Nowadays, the quantity of data that is created every two days is estimated to be 5 exabytes. This amount of data is similar to the  amount of data created from the dawn of time up until 2003. Moreover, it was estimated that 2007 was the first year in which it was not possible to store all the data that we are producing. This massive amount of real time streaming data opens new challenging discovery tasks. Some of them are already addressed with mature algorithms, while new challenges emerge, including learning on not one but multiple streams. This tutorial has two parts. The first part gives an introduction to recent advances in algorithmic techniques and tools to cope with challenges on stream mining. The second part discusses state of the art research on mining multiple streams – distributed streams and interdependent relational streams.

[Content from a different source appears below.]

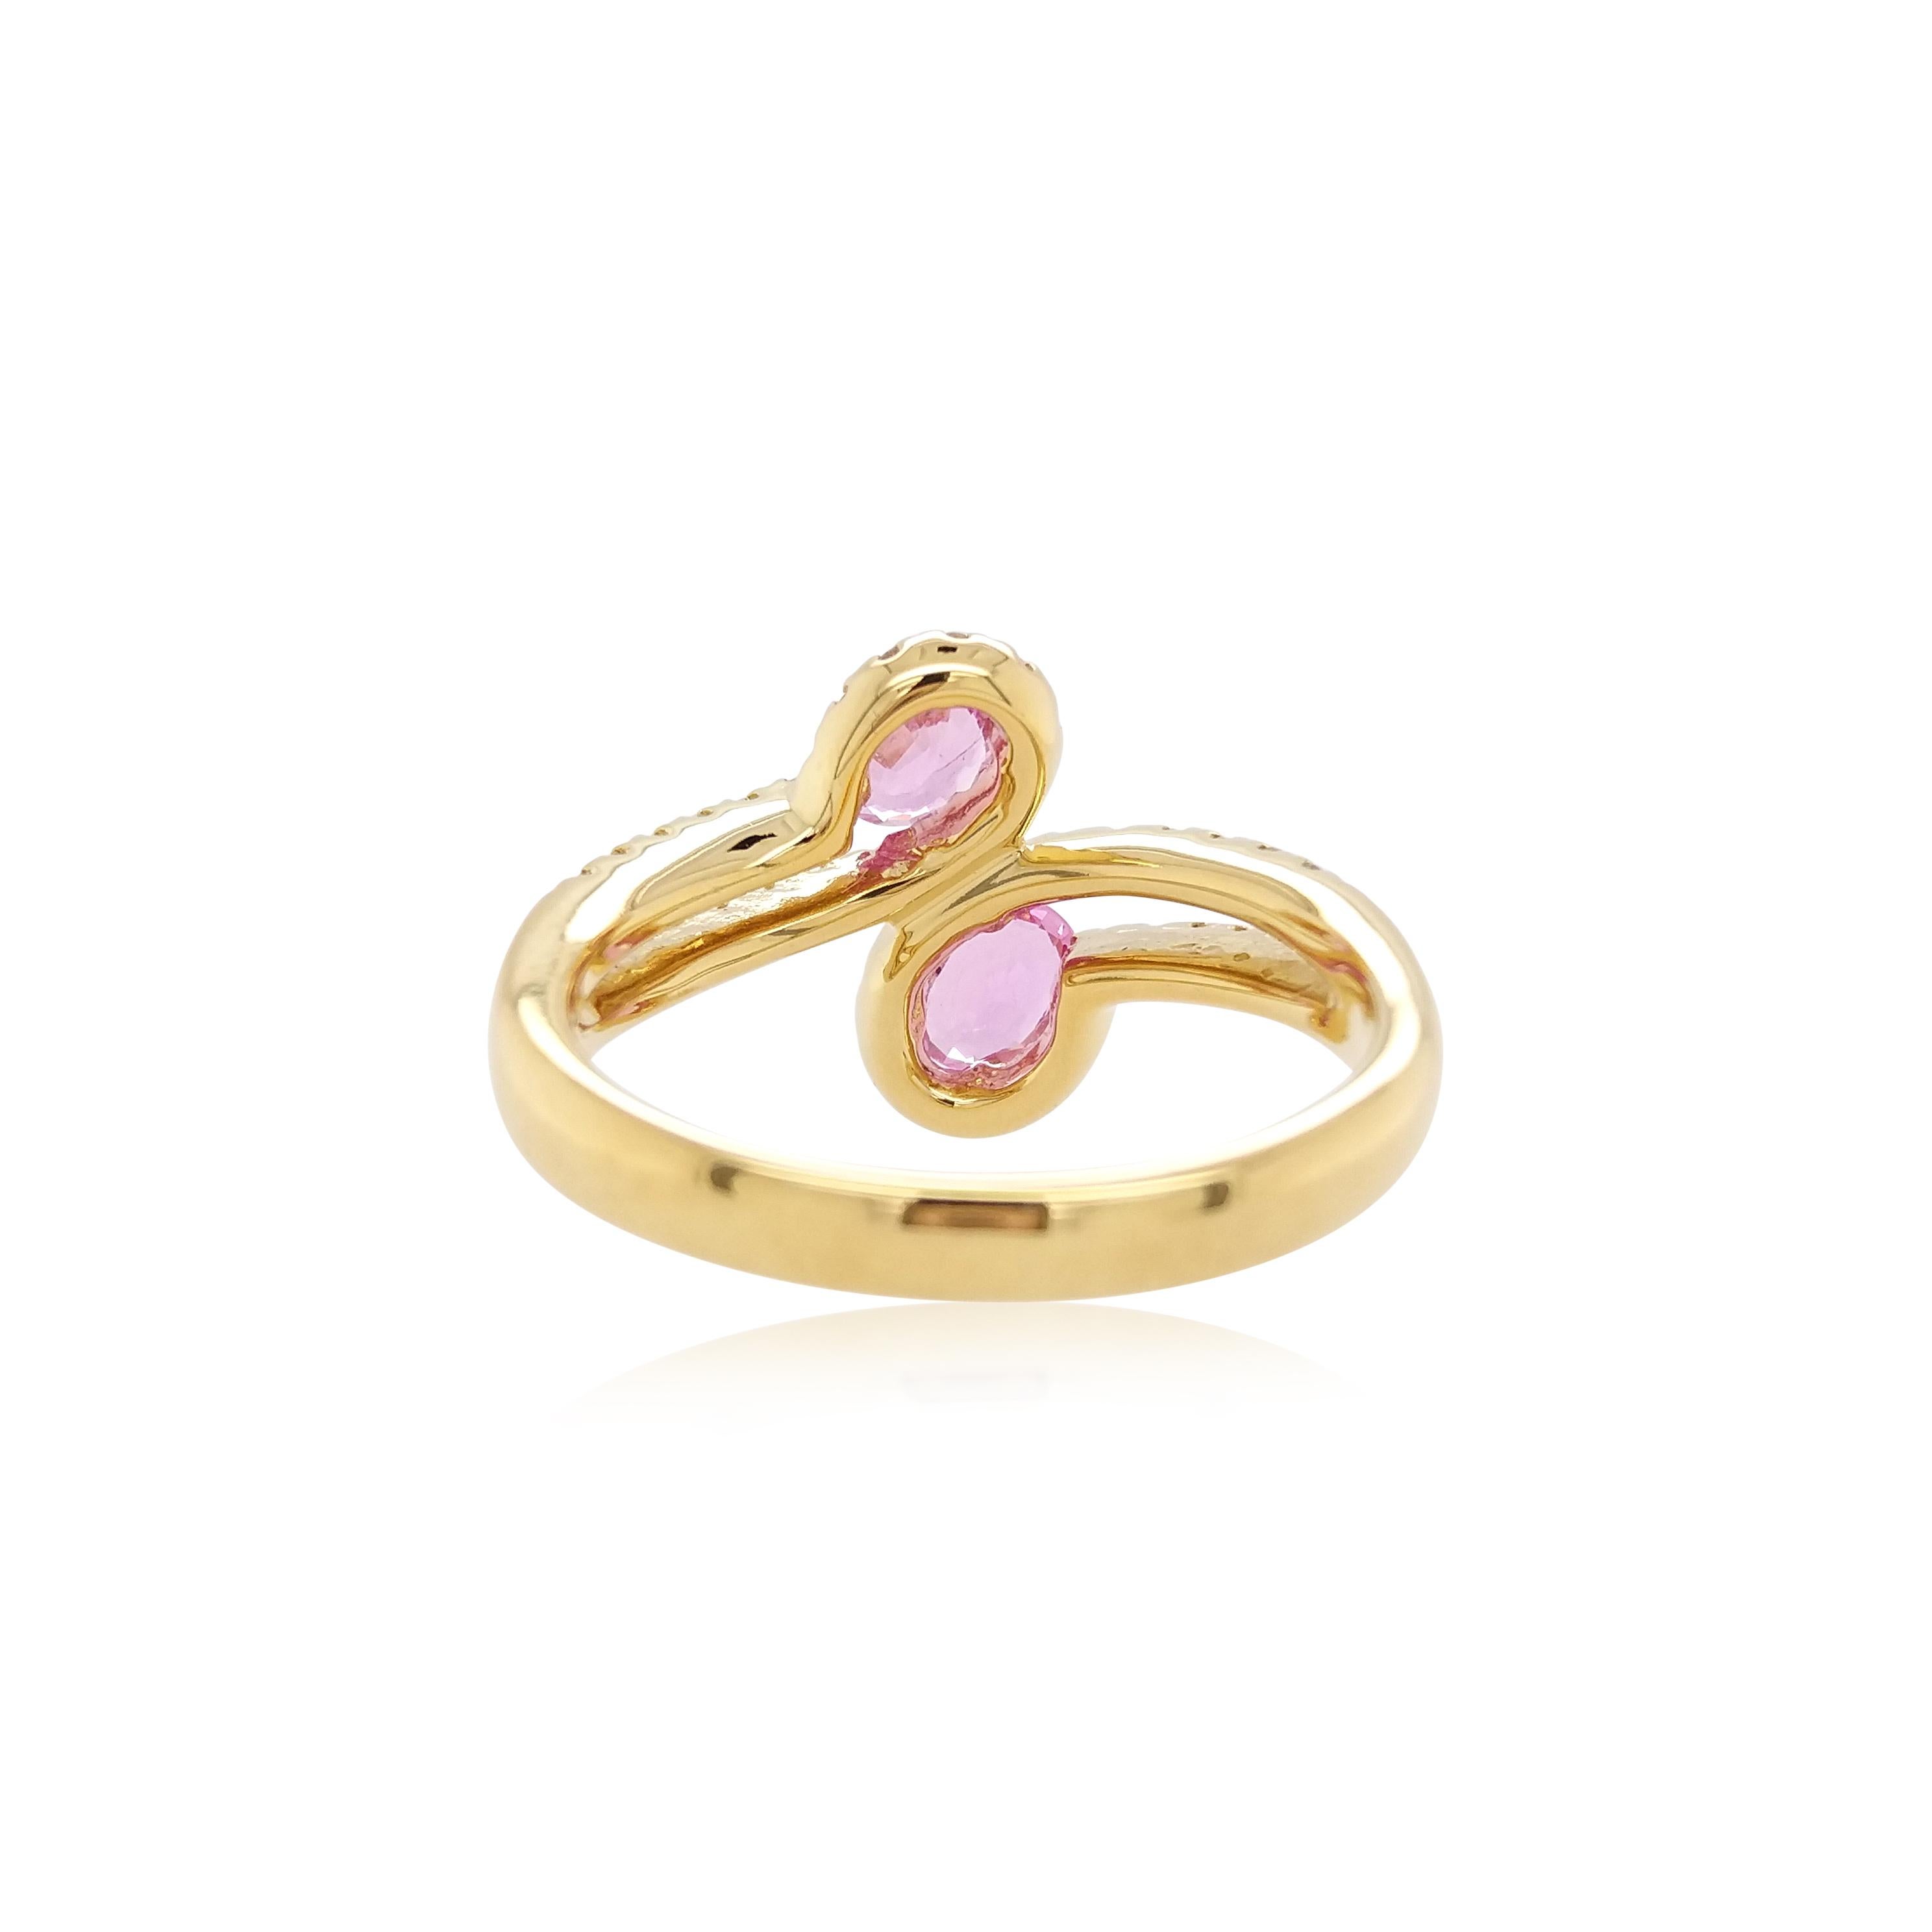 Beauty in the simplistic, this toi et moi ring is formed with two beautiful pink sapphires and elegant arrangement of scintillating white diamonds. Set in 18K yellow gold, dazzling and playful, this ring is a contemporary classic and will make the

Concept drift plays a central role in this tutorial. In the first part, we address it in the context of conventional one-stream mining to set the scene. In the second part, we recapitulate on it after introducing multiple-stream mining, and we also consider machine learning methods that are appropriate for incremental data and slow streams.

NOTICE: This tutorial is longer than the others ECML-PKDD 2012 tutorials.

UPDATE: The schedule is the following: 9:00-10:30 ‘Mining One Stream’; 10:45-12:15 'Mining Multiple Streams’ .

Part I

The first part (9:00 – 10:30), ‘Mining One Stream’, will be presented by Albert Bifet, Ricard Gavaldà, Mykola Pechenizkiy, Bernhard Pfahringer, and Indrė Žliobaitė. 

Outline

  • Introduction to data streams and drifting data
  • Adaptive predictive models
  • Clustering streaming data
  • Pattern Mining on streams
  • Tools for mining data streams

Part II

The second part (10:45 – 12:15), ‘Mining Multiple Streams’ will be presented by João Gama, Myra Spiliopoulou, and Georg Krempl.

Outline

  • Mining distributed streams
  • Mining relational streams
  • Feedback issues in streams under drift

Slides Second Part

Presenters

Albert Bifet. Researcher at Yahoo! Research Barcelona. He is the author of a book on Adaptive Stream Mining and Pattern Learning and Mining from Evolving Data Streams. He is one of the core developers of MOA software environment for implementing algorithms and running experiments  for online learning from evolving data streams.

João Gama. Researcher at LIAAD, University of Porto, working at the Machine Learning group. His main research interest is in Learning from Data Streams. He published more than 80 articles. He served as Co-chair of ECML 2005, DS09, ADMA09 and a series of Workshops on KDDS and Knowledge Discovery from Sensor Data with ACM SIGKDD. He is author of a recent book on Knowledge Discovery from Data Streams.

Ricard Gavaldà. Professor at the Department of Software, U. Politècnica de Catalunya – BarcelonaTech. He has published over 70 papers and supervised 7 Ph.D. students. His current research interests are algorithmics of machine learning and data mining, with emphasis on streaming and adaptive methods. He is also working on the use of data mining in autonomic and green computing.

Georg Krempl. Postdoc researcher in the Knowledge Management & Discovery (KMD) lab at the Otto-von-Guericke-University Magdeburg, Germany. Doctorate from University of Graz, Austria. Main research interest is learning on evolving, drifting data. Has given several courses on data mining, statistics and optimization for students from different degrees at Univ. Graz and since 2011 at Univ. Magdeburg.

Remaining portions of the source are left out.